Washington: Alexander Semin

Caps fans have seen “Good Sasha” lately in an important respect. He has drawn only one minor penalty in more than 137 minutes of ice time covering eight games. Add to that the fact that Semin is 3-5-8, plus-4 in those games, and that is a good thing indeed. But the important thing here might be that penalty number. The Hurricanes are a poor team at 5-on-5 (27th in the league) but somewhat better with the man advantage (20th overall, 16th on the road). Stay out of the box.


1. Get a lead. In a league where it is tough to win when you trail in games, Carolina is an especially poor team at coming from behind – 26th when allowing the first goal, 28th when trailing at the first intermission. Add to that, Carolina is playing their second game in less than 24 hours, and the Caps need to jump on these guys early.

2. Play it clean. Carolina has only 16 power play opportunities in their last nine games. They have converted seven of them (43.8 percent). The lack of opportunities has had an effect, in spite of the efficiency. Carolina has killed off only 22 of 30 shorthanded situations in those nine games (73.3 percent), leaving them a minus-1 on special teams in those nine games.

3. Shoot smart. Carolina goalie Cam Ward (should he get the call in the second half of a back-to-back) seems to thrive on in-game work.

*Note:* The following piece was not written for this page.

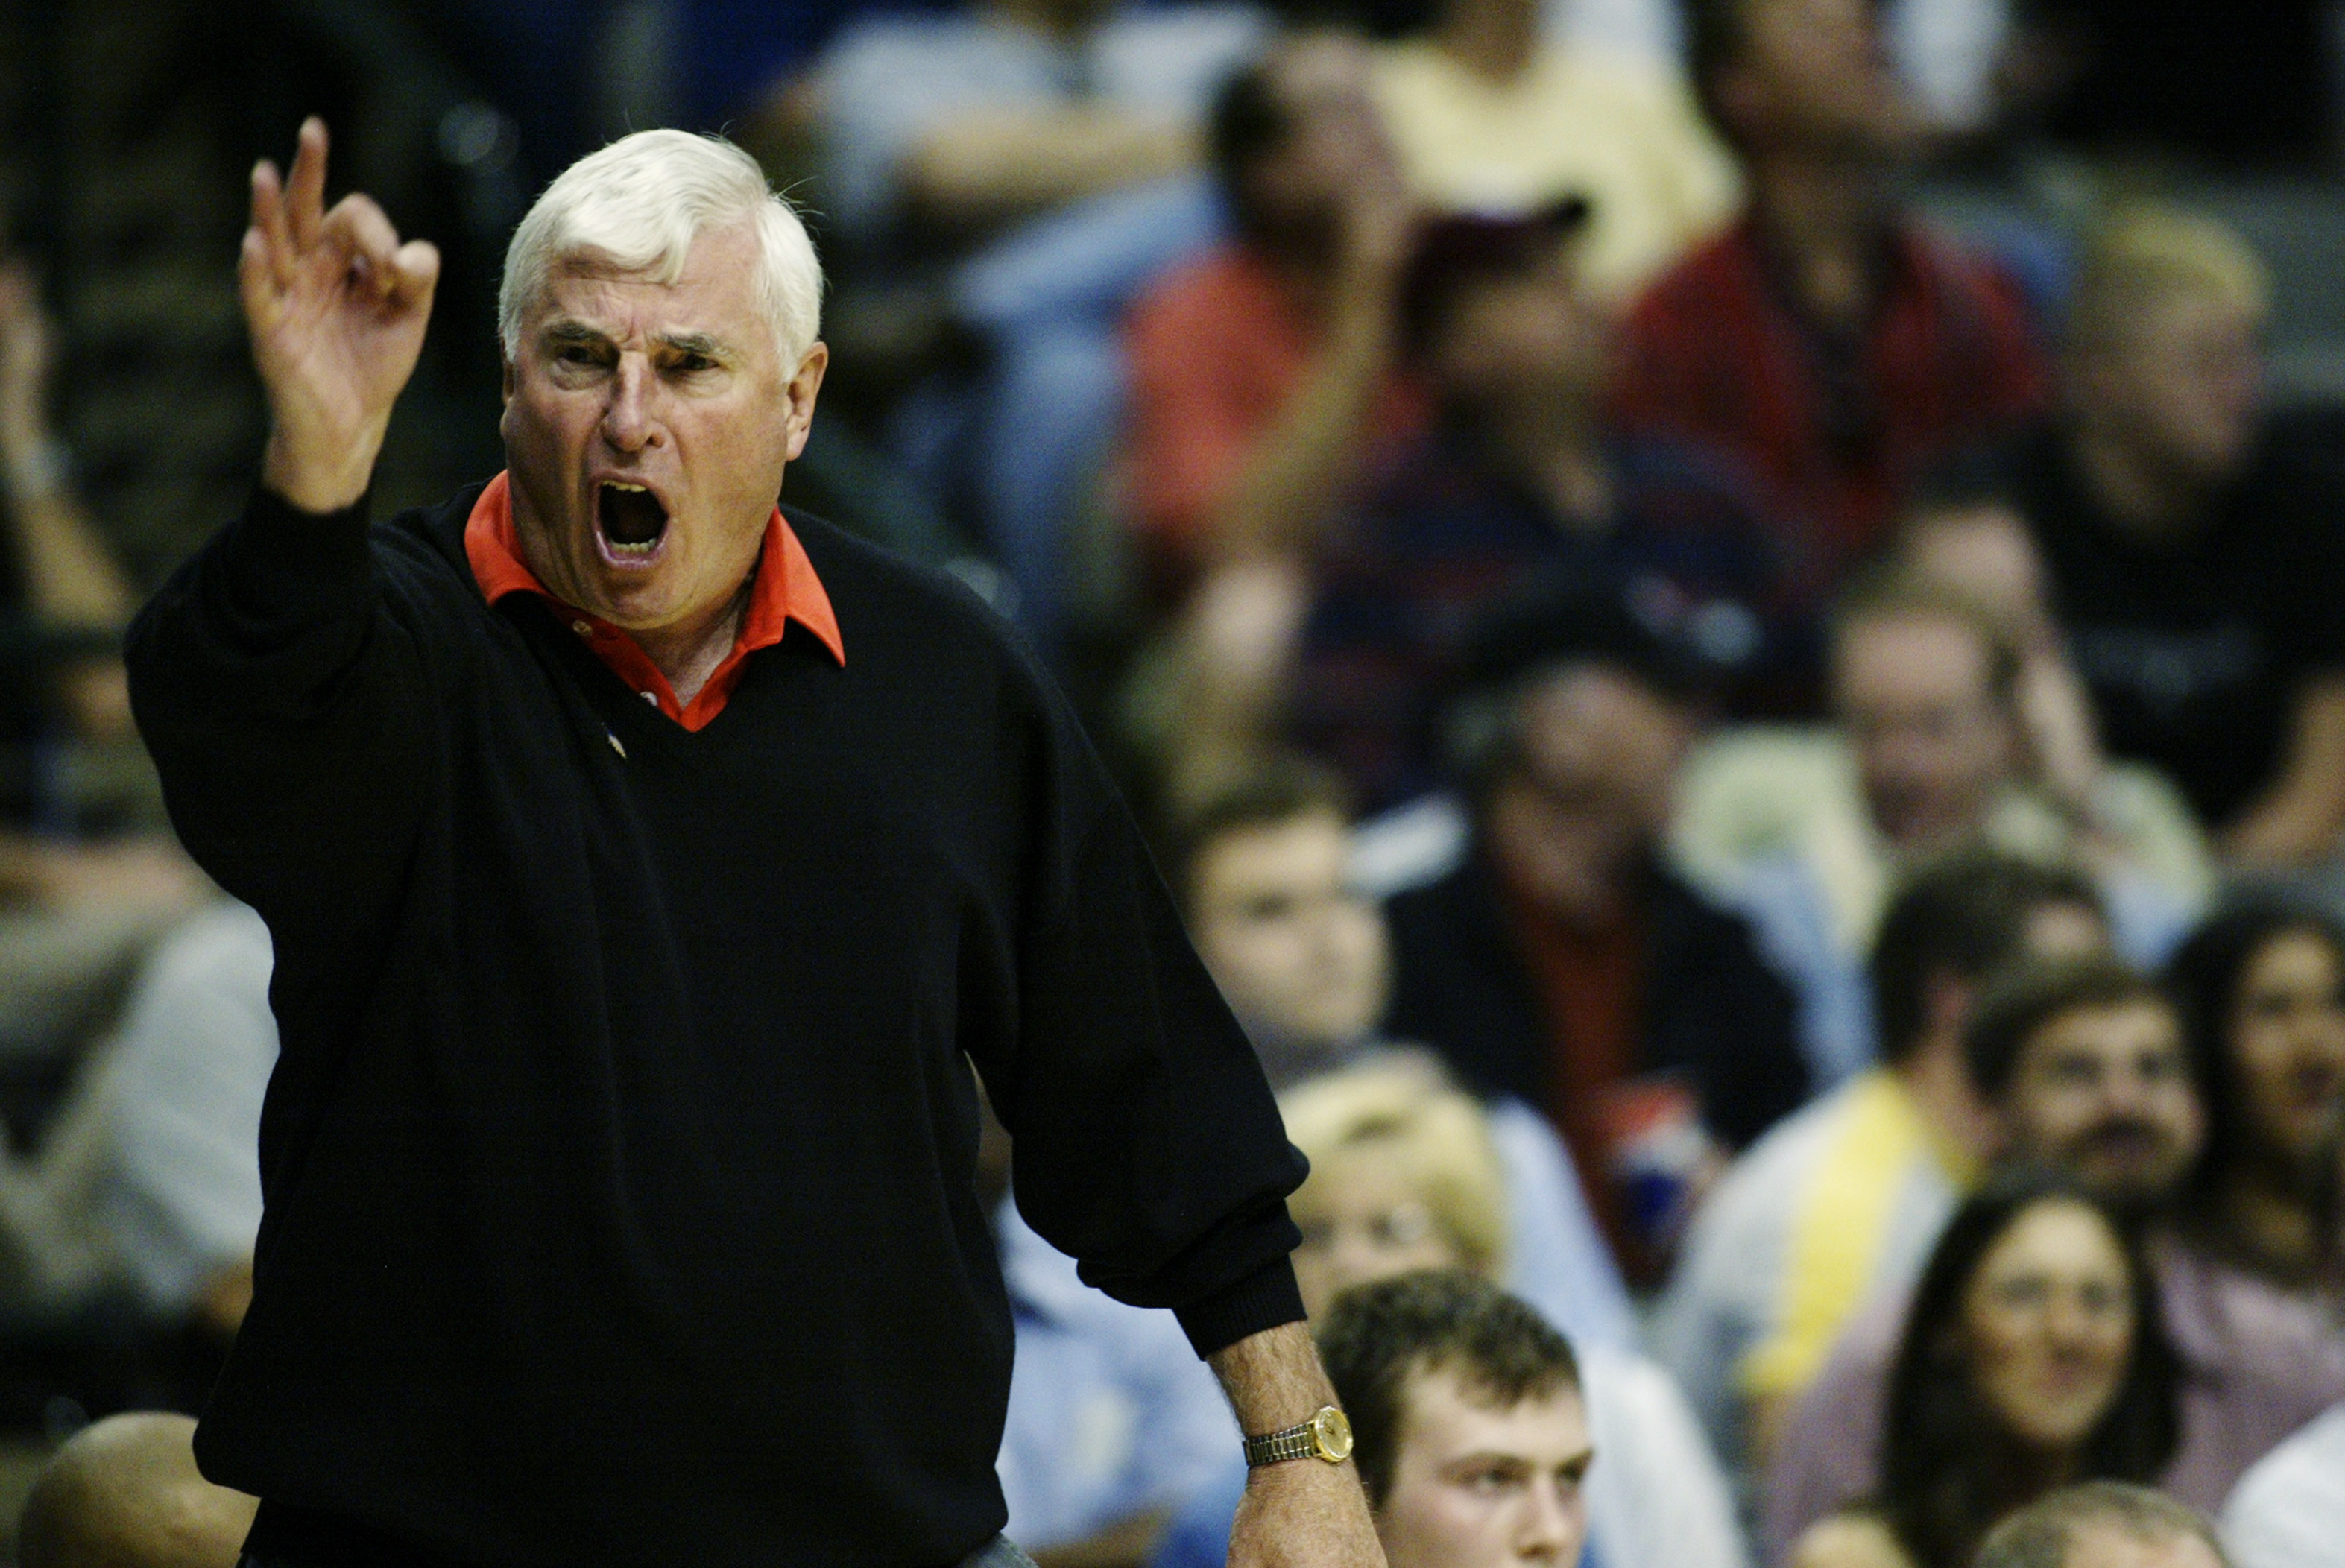 Bobby Knight, Basketball Coach Known for Trophies and Tantrums

When facing 34 or more shots per game he has a 2.89 goals against average and a .921 save percentage (compared to 3.09, .902 overall). Only three times in 15 such games does he have a save percentage lower than .910. Pounding shots is not necessarily the path to winning against Ward. Don’t be cute, be smart.

In the end, the pressure on the Caps in this one is the kind of pressure that manifests itself as a product of underperforming for much of the season. They face an opponent they not only should beat, but must beat given their tenuous hold on eighth place in the East (they own tie breakers over Pittsburgh). Carolina, for two games at least, is playing as well as they have since beating Boston twice and Buffalo for their only three-game winning streak of the season in October. This is one game in which the Caps need to get off to a good start so that Carolina might remember they are playing that second game in less than 24 hours. Given each of Carolina’s last two road losses have come by the same score, why not a third time?